在Scala Spark中加入不同的Dataframe时动态选择多个列 [英] Dynamically select multiple columns while joining different Dataframe in Scala Spark
问题描述
我有两个Spark数据帧df1
和df2
.有没有办法在连接这两个数据框时动态选择输出列?在内部联接的情况下,以下定义输出df1和df2中的所有列.
I have two spark data frame df1
and df2
. Is there a way for selecting output columns dynamically while joining these two dataframes? The below definition outputs all column from df1 and df2 in case of inner join.
def joinDF (df1: DataFrame, df2: DataFrame , joinExprs: Column, joinType: String): DataFrame = {
val dfJoinResult = df1.join(df2, joinExprs, joinType)
dfJoinResult
//.select()
}
输入数据:
val df1 = List(("1","new","current"), ("2","closed","saving"), ("3","blocked","credit")).toDF("id","type","account")
val df2 = List(("1","7"), ("2","5"), ("5","8")).toDF("id","value")
预期结果:
val dfJoinResult = df1
.join(df2, df1("id") === df2("id"), "inner")

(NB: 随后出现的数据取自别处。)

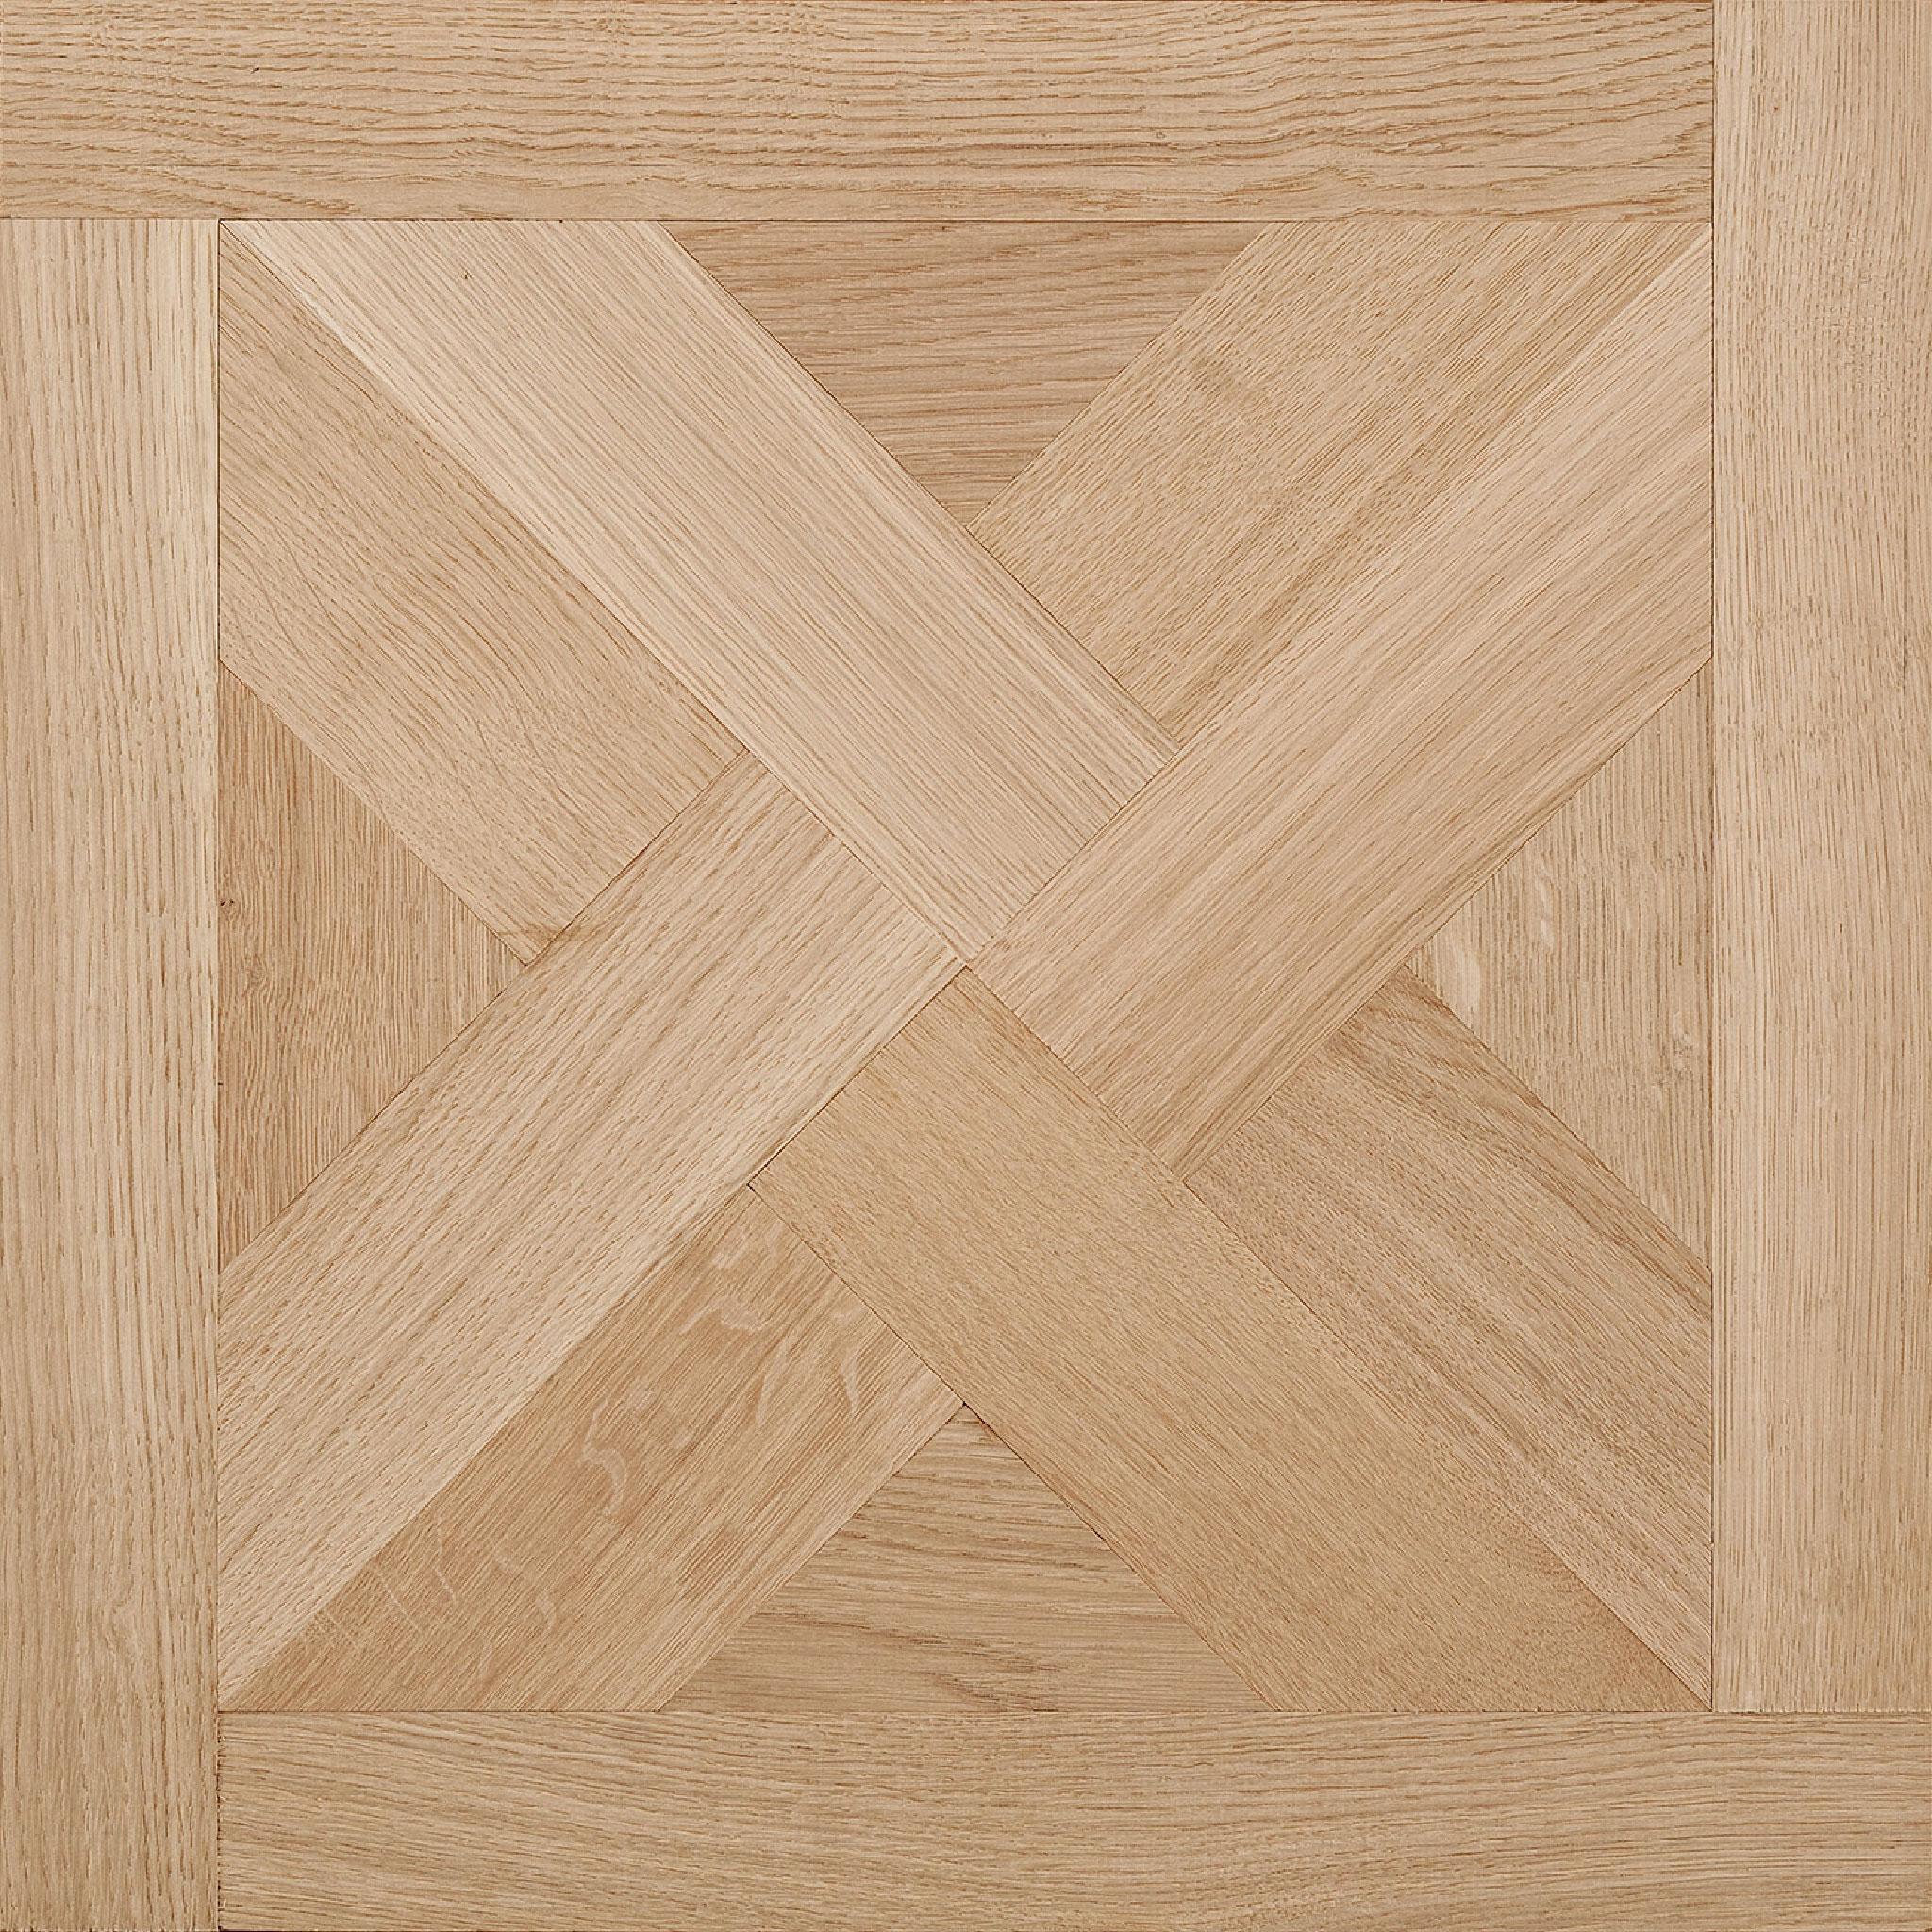 Designparquet oak cardiff nature 10mm

.select(df1("type"), df1("account"), df2("value"))
dfJoinResult.schema():
dfJoinResult.schema():
StructType(StructField(type,StringType,true),
StructField(account,StringType,true),
StructField(value,StringType,true))
我已经看过像df.select(cols.head, cols.tail: _*)
这样的选项,但是它不允许从两个DF中选择列.
有没有一种方法可以动态传递selectExpr
列以及我们要从我的def
中选择的数据框详细信息?我正在使用Spark 2.2.0.
I have looked at options like df.select(cols.head, cols.tail: _*)
but it does not allow to select columns from both DF's.
Is there a way to pass selectExpr
columns dynamically along with dataframe details that we want to select it from in my def
? I'm using Spark 2.2.0.
推荐答案
可以将select
表达式作为Seq[Column]
传递给方法:
It is possible to pass the select
expression as a Seq[Column]
to the method:
def joinDF(df1: DataFrame, df2: DataFrame , joinExpr: Column, joinType: String, selectExpr: Seq[Column]): DataFrame = {
val dfJoinResult = df1.join(df2, joinExpr, joinType)
dfJoinResult.select(selectExpr:_*)
}
要调用该方法,请使用:
To call the method use:
val joinExpr = df1.col("id") === df2.col("id")
val selectExpr = Seq(df1.col("type"), df1.col("account"), df2.col("value"))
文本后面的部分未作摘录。